Records excerpted from a collection:
---

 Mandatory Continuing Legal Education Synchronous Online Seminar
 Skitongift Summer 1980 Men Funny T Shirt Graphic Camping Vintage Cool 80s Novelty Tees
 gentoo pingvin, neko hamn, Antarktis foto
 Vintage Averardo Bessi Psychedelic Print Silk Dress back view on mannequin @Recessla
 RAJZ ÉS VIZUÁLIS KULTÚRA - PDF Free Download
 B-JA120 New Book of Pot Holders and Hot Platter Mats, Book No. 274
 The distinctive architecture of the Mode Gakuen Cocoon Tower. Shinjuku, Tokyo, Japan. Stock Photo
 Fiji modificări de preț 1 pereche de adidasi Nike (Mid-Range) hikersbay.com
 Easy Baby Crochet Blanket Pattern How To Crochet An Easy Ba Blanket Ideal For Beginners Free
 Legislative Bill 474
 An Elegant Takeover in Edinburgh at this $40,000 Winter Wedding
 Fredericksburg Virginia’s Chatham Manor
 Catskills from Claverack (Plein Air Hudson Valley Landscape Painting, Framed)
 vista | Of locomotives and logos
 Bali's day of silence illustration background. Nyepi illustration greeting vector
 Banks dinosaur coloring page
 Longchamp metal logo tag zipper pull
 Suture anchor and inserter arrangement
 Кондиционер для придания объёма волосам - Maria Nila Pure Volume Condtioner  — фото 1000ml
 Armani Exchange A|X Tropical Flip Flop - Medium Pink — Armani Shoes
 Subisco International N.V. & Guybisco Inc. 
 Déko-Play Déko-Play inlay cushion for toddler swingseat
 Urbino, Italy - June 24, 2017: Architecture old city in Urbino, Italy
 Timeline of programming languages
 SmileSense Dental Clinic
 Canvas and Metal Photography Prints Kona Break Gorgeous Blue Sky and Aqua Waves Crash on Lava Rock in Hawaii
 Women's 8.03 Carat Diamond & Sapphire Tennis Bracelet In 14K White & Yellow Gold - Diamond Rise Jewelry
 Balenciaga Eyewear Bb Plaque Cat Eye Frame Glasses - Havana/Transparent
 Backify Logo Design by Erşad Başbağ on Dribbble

---

Problem details: From the data above, output exactly the lines between the one containing "An Elegant Takeover" and the one containing "Armani Exchange A|X", counting both of them.

Problem solution:
 An Elegant Takeover in Edinburgh at this $40,000 Winter Wedding
 Fredericksburg Virginia’s Chatham Manor
 Catskills from Claverack (Plein Air Hudson Valley Landscape Painting, Framed)
 vista | Of locomotives and logos
 Bali's day of silence illustration background. Nyepi illustration greeting vector
 Banks dinosaur coloring page
 Longchamp metal logo tag zipper pull
 Suture anchor and inserter arrangement
 Кондиционер для придания объёма волосам - Maria Nila Pure Volume Condtioner  — фото 1000ml
 Armani Exchange A|X Tropical Flip Flop - Medium Pink — Armani Shoes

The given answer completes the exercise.